Furthermore, no super powers are required. Just intelligence, the willingness to study late, get up early, roll up the sleeves and work hard until you sweat through your tears. Like all real progress, it’s hard at first, but it will pay off later — when you still have a job and are delivering above peers while only working reasonable hours.

Moreover, you won’t need deep software (or even system) architecture skills either. Just the ability to define what a process should be, how a tool should support it, and find that tool. You need to be a solution architect — leave the technical and system architecture skills to the experts. If the tool they are selling gets it right at low cost with low compute and high reliability, the architecture is probably such that you wouldn’t do any better.

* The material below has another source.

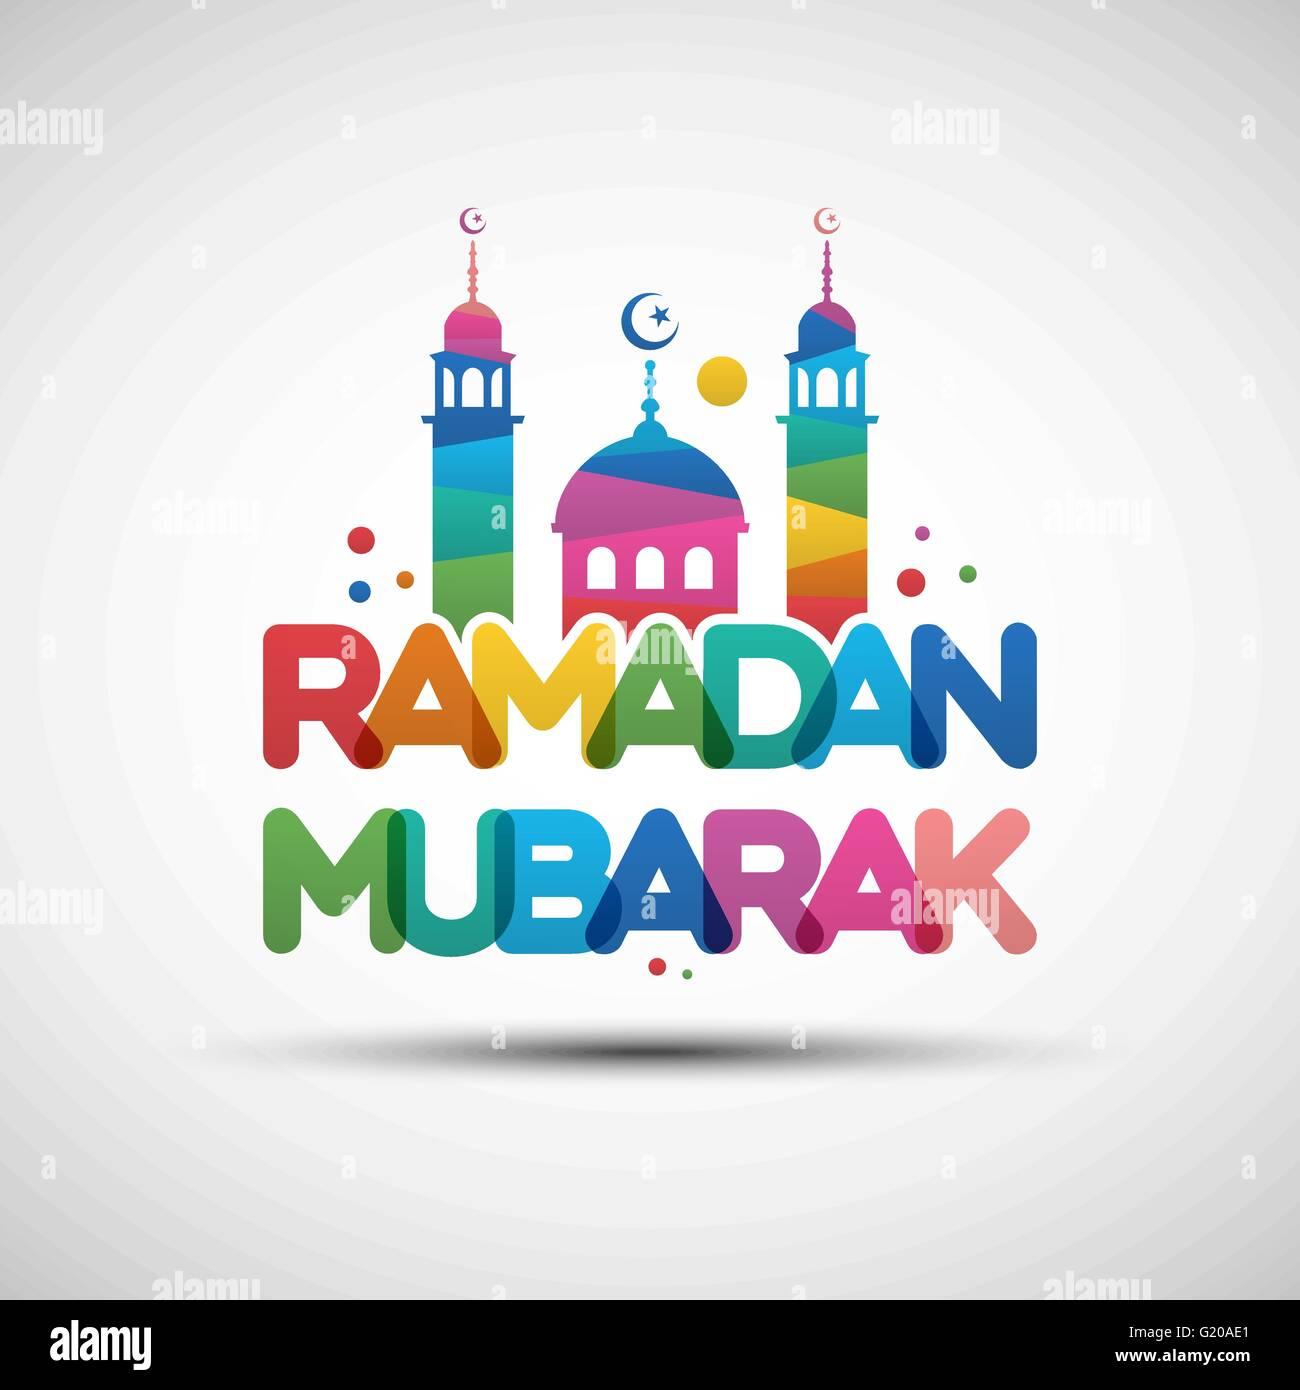 Eid mubarak greeting card typography stock photos eid mubarak vector illustration of ramadan mubarak greeting card design with creative multicolored transparent text stock kristyandbryce Images

And whatever you do, don’t waste time playing the paradigm game. Leave that to the influencers, who won’t last near as long as they think they will. Or to the consultants, who will be walked out the door and never invited back once the C-Suite realizes they flushed millions down the drain chasing an AI utopia that doesn’t exist. Just consistently get results, push those results in front of the C-Suite, and tell them that they can call it whatever they want, but Procurement is the function — and sometimes the ONLY function — that gets results.